_WHAT IS NEEDED_. Only the lines of the listing below that run from the line with "Finnland 50 Penniä 1969" through the line with "Главы правления россии" are to be set down, word for word. Pictures stay out.
**** PROVIDED DATA
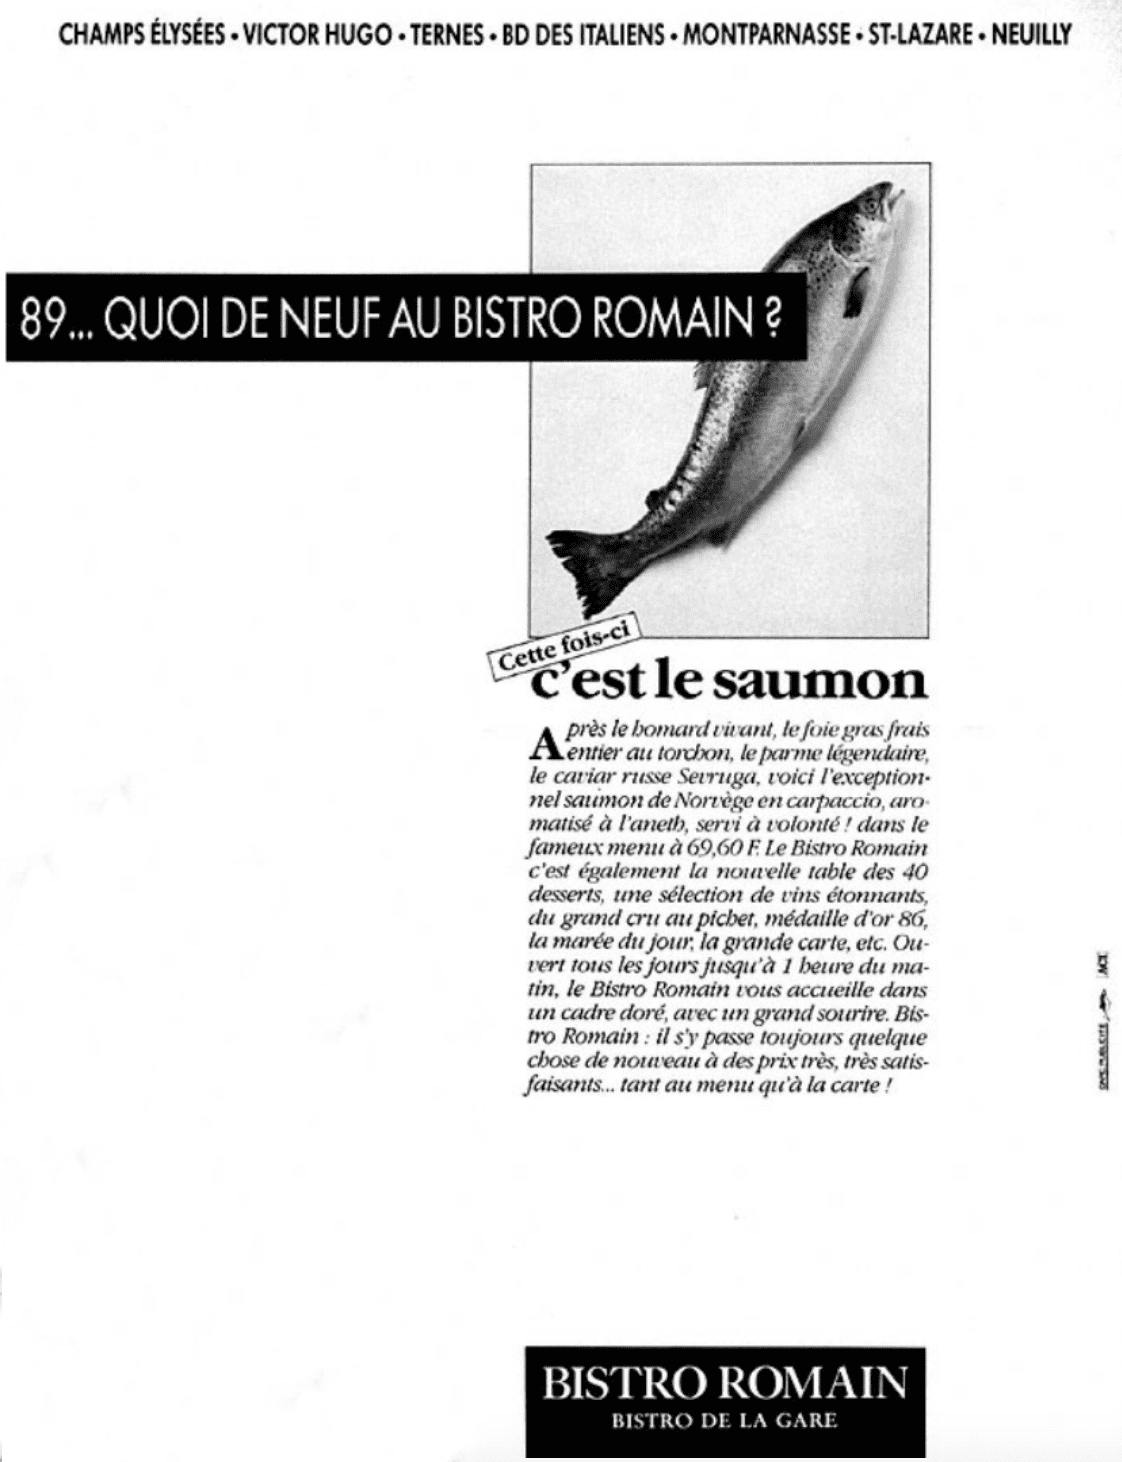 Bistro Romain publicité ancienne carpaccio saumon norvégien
********
**** PROVIDED DATA
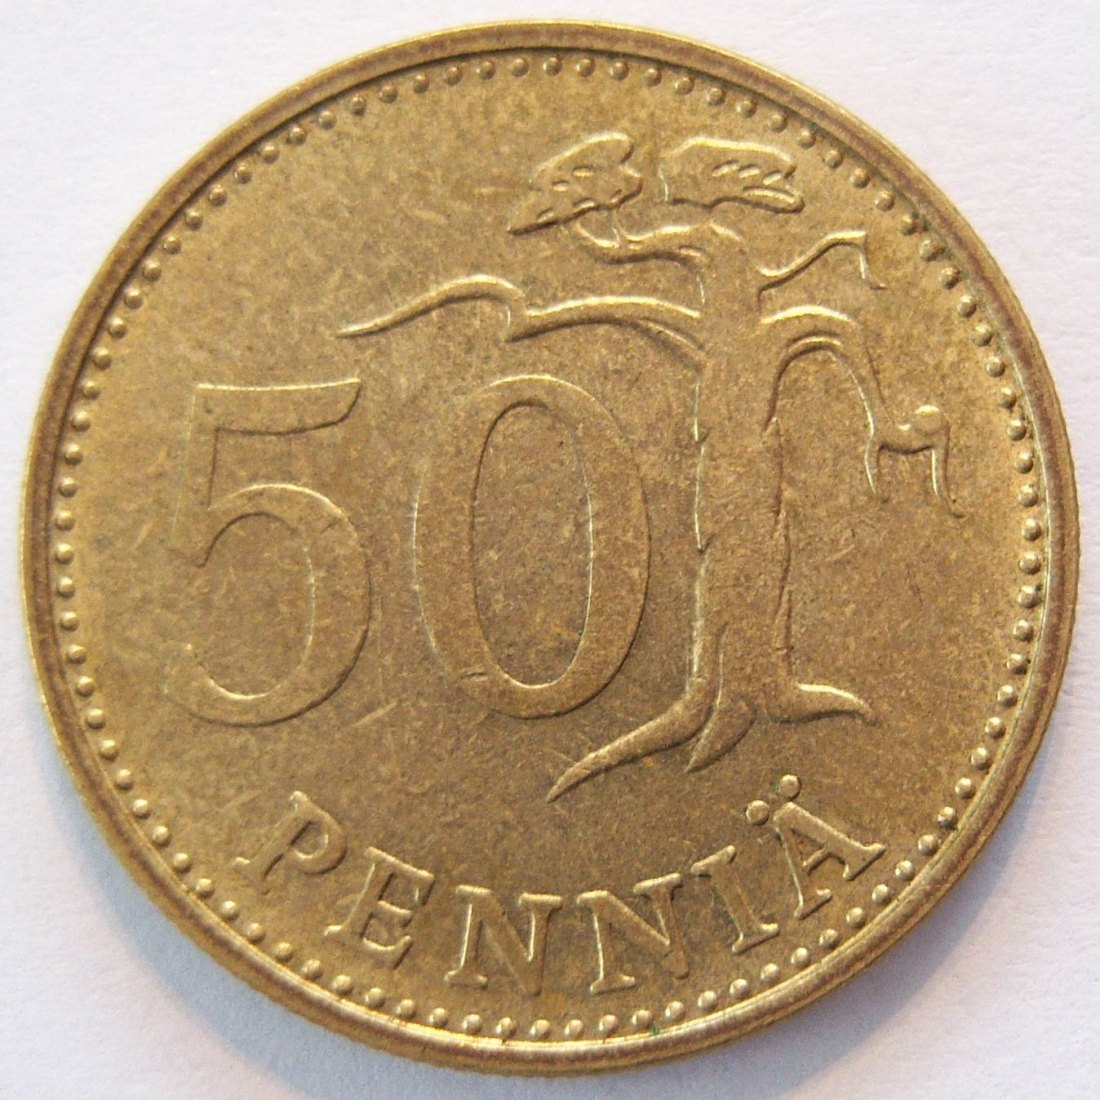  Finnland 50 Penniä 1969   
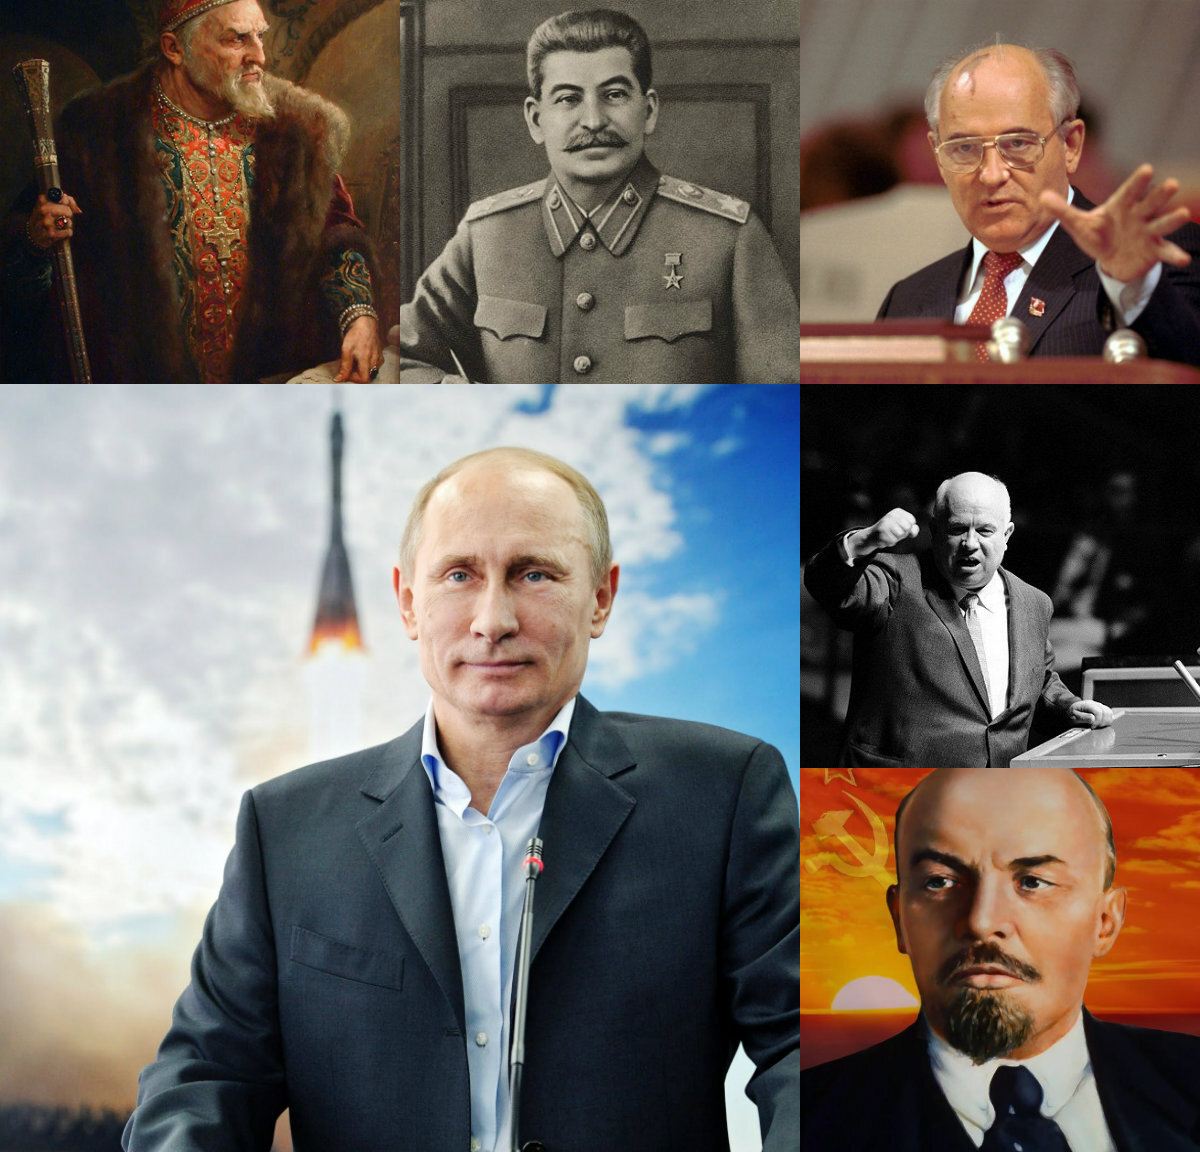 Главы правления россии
********
_SOLVED PROBLEM_.
  Finnland 50 Penniä 1969   
 Главы правления россии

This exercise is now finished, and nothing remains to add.